To do: From the material below, please set down exactly the lines starting with the one with "Beignet to the" and going on through the one with "Catalogo juguetes Titan Toys 2019 p99", without a single picture.

==== Data under study

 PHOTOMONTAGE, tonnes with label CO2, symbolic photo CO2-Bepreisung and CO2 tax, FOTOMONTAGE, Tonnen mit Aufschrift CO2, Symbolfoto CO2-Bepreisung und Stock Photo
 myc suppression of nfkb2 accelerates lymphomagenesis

========
==== Data under study

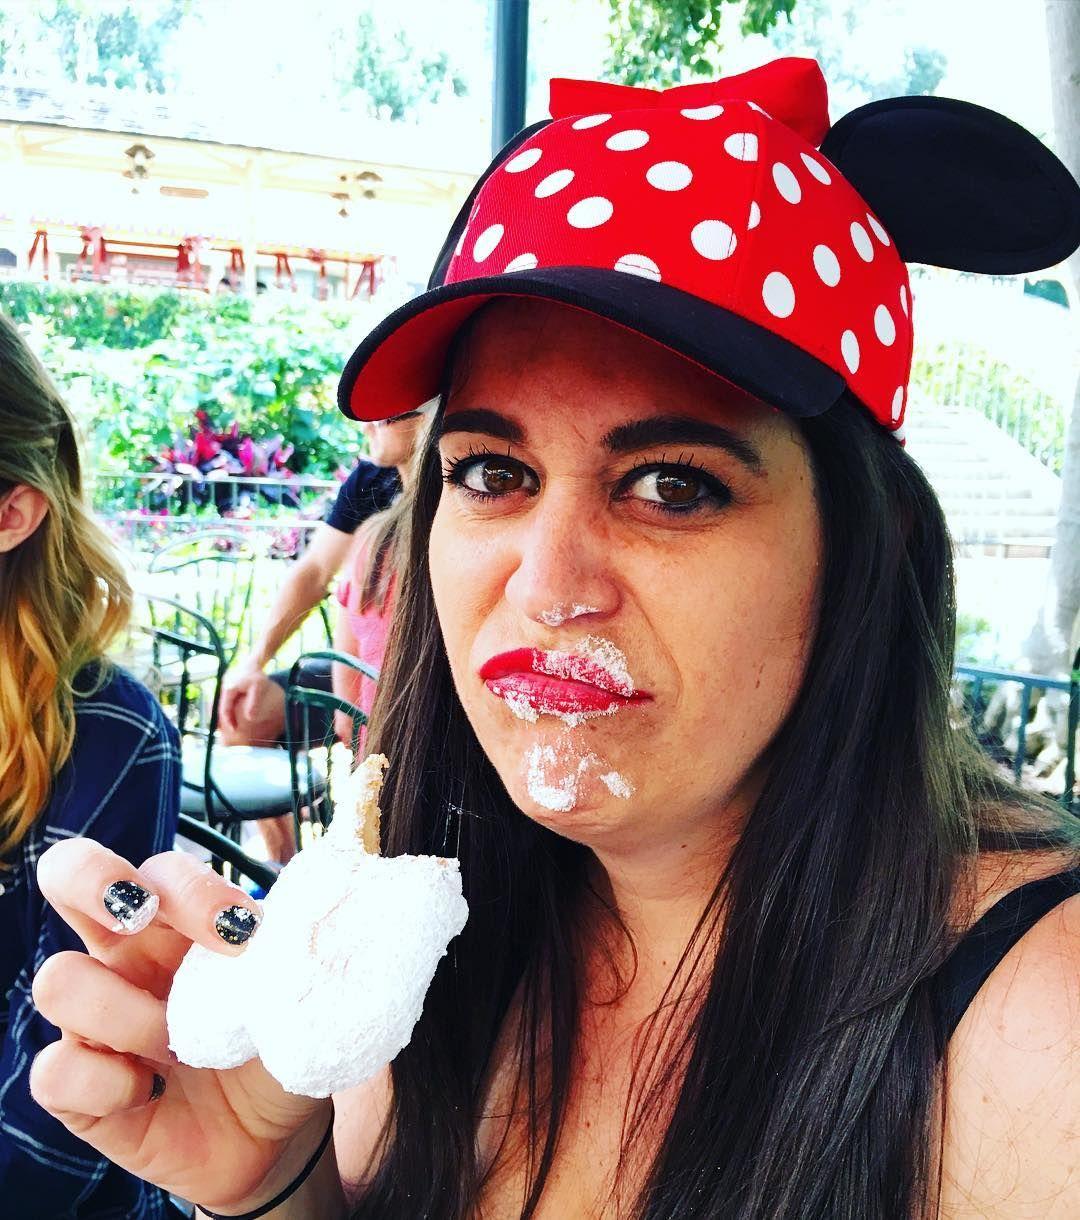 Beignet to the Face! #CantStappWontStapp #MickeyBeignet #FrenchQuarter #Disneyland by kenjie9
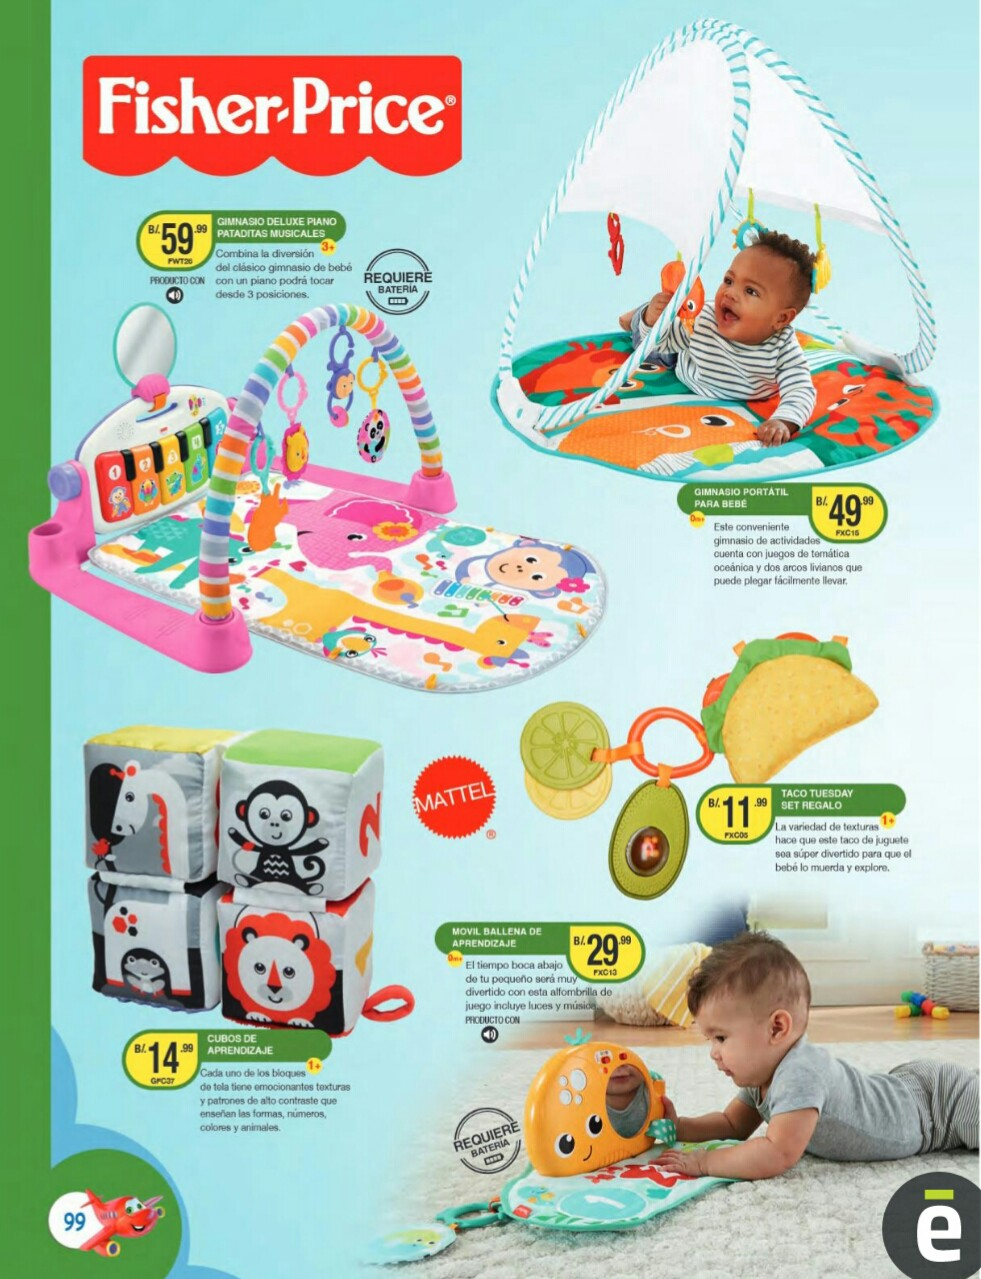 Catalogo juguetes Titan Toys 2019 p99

========
==== Data under study

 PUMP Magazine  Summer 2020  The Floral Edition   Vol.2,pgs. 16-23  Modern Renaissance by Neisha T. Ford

========

Reply:
 Beignet to the Face! #CantStappWontStapp #MickeyBeignet #FrenchQuarter #Disneyland by kenjie9
 Catalogo juguetes Titan Toys 2019 p99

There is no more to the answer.